■ **SUPPLIED INFORMATION**
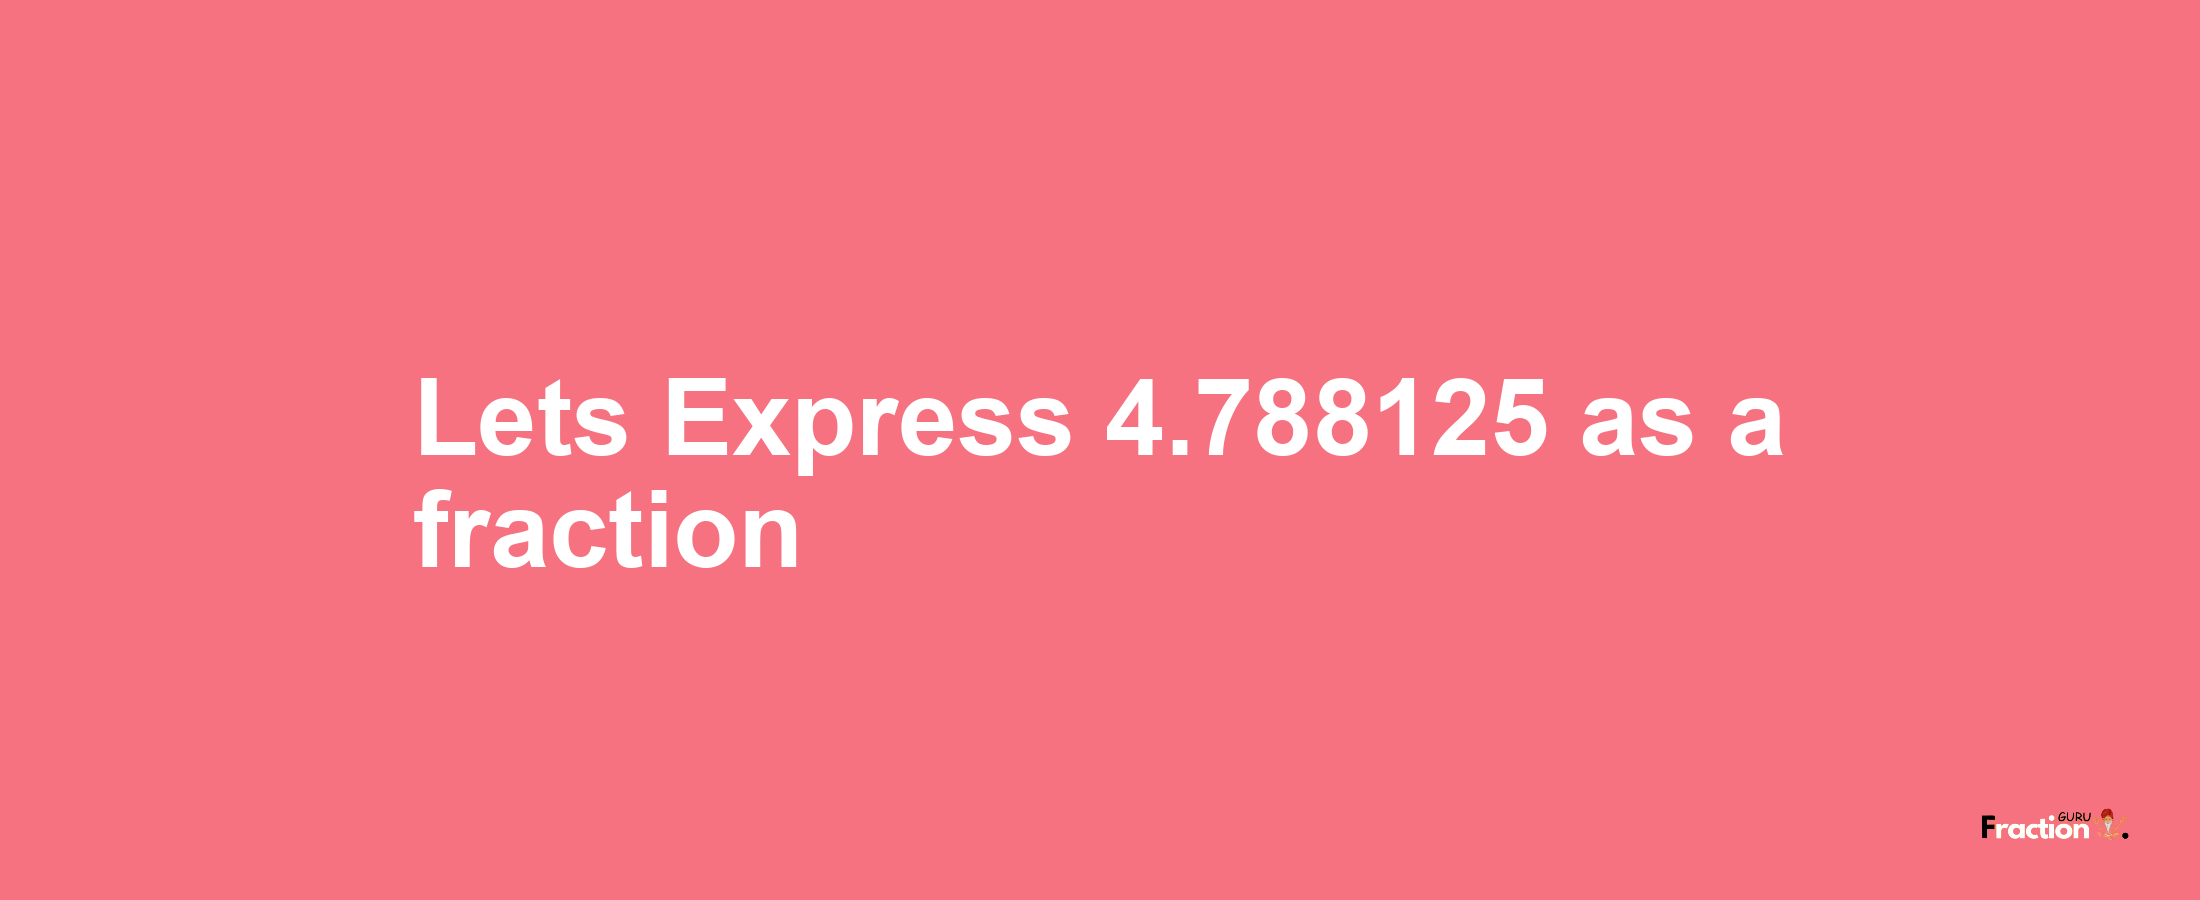 Lets Express 4.788125 as afraction
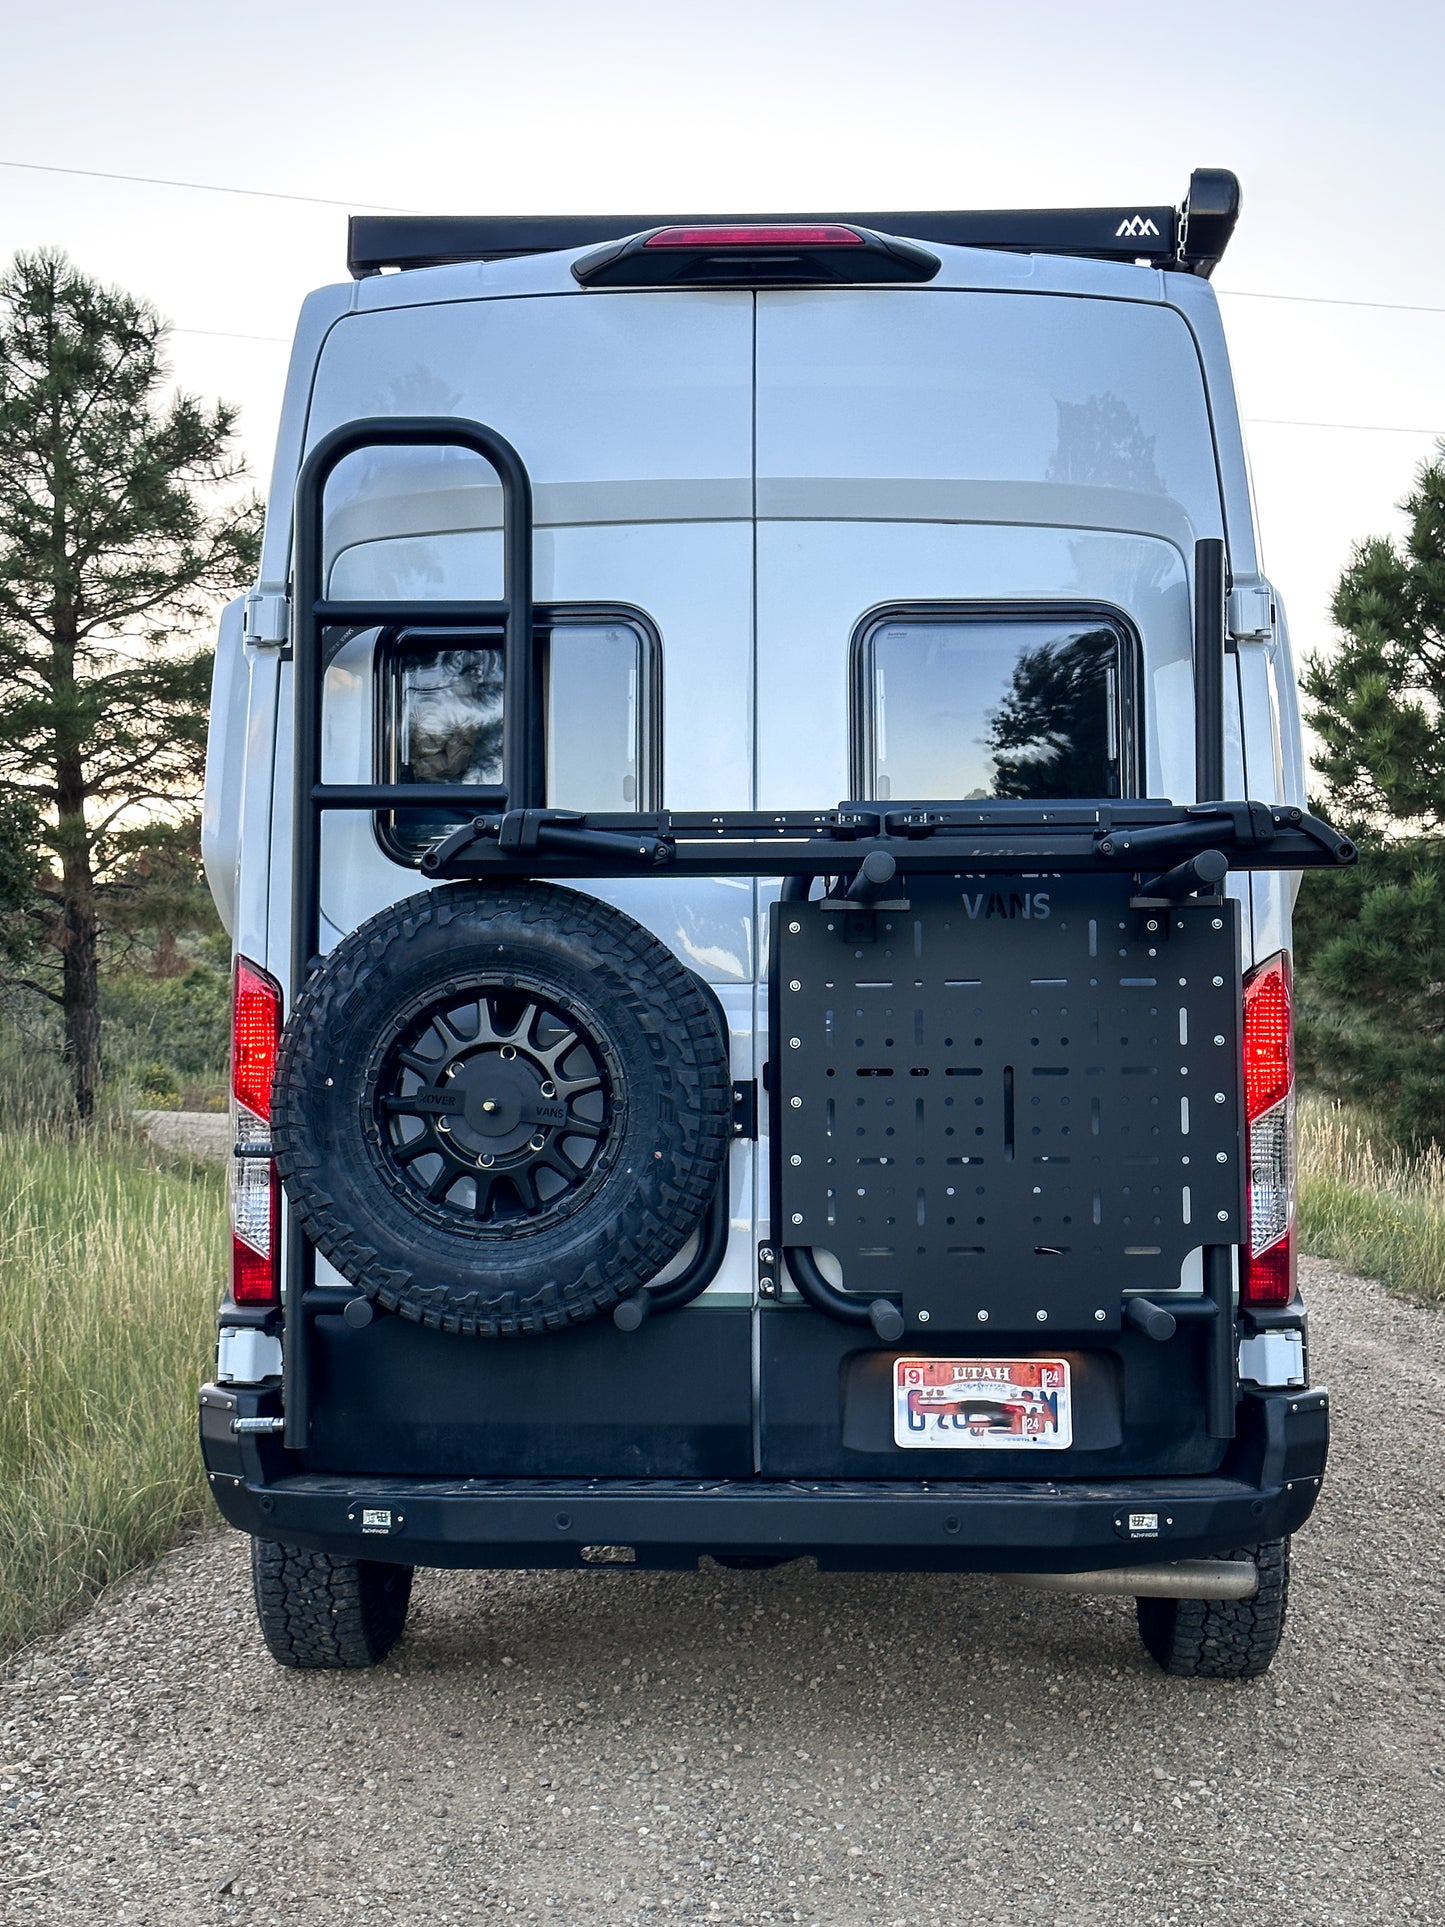 Rover Vans Accessory Rack (Ford Transit)
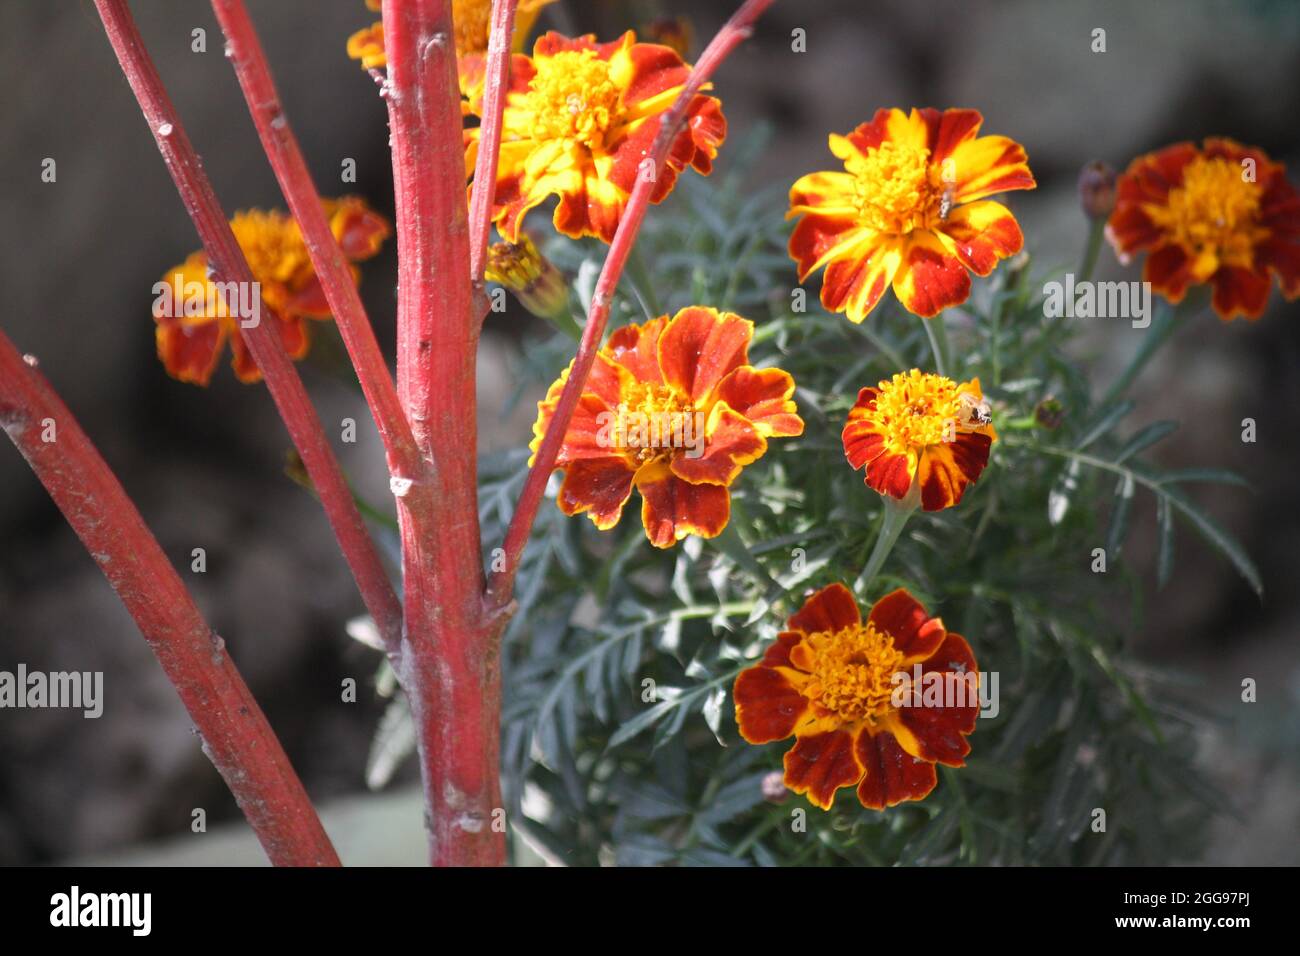 Cluster of French marigold (Tagetes patula) flowers Stock Photo

■ **PROMPT**
Give the material again exactly as it is, but keep the pictures out.

■ **TASK RESPONSE**
 Lets Express 4.788125 as afraction
 Rover Vans Accessory Rack (Ford Transit)
 Cluster of French marigold (Tagetes patula) flowers Stock Photo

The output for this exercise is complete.